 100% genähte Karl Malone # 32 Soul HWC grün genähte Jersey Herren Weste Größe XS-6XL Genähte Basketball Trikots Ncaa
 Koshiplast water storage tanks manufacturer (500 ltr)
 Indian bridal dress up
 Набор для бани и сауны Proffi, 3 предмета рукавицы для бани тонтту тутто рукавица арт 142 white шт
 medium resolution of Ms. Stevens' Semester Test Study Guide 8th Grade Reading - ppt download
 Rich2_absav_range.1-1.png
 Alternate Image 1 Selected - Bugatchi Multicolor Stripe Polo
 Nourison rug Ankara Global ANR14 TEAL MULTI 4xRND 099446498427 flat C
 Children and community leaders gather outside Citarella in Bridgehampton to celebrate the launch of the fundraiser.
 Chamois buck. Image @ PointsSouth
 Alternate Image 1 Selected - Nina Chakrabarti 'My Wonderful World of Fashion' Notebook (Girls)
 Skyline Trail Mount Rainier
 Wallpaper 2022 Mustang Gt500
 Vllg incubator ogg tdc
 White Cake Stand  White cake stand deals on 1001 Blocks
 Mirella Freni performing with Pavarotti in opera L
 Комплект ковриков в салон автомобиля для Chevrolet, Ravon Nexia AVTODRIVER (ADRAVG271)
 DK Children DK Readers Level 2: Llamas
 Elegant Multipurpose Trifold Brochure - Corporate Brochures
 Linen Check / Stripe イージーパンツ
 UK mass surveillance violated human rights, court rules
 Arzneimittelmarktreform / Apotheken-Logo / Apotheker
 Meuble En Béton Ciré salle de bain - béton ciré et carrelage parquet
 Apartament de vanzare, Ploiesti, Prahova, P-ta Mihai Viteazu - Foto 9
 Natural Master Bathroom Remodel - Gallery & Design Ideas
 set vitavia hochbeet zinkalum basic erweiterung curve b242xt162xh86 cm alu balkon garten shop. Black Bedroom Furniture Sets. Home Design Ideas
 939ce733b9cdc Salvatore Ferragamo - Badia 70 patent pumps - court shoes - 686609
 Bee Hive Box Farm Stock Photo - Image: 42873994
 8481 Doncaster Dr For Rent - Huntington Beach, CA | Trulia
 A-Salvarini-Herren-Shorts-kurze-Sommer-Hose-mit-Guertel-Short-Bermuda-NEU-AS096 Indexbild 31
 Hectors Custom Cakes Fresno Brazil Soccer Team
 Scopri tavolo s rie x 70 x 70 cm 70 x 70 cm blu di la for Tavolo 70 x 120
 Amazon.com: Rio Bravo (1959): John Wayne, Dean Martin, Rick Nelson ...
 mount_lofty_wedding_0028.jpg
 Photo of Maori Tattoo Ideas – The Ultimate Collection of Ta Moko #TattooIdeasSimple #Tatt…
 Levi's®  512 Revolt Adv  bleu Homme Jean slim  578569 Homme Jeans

-- Problem requirements --
Up to and including the line that holds "Rich2_absav_range.1-1.png", reproduce the records above exactly from their first line, and give nothing else.

-- Answer box --
 100% genähte Karl Malone # 32 Soul HWC grün genähte Jersey Herren Weste Größe XS-6XL Genähte Basketball Trikots Ncaa
 Koshiplast water storage tanks manufacturer (500 ltr)
 Indian bridal dress up
 Набор для бани и сауны Proffi, 3 предмета рукавицы для бани тонтту тутто рукавица арт 142 white шт
 medium resolution of Ms. Stevens' Semester Test Study Guide 8th Grade Reading - ppt download
 Rich2_absav_range.1-1.png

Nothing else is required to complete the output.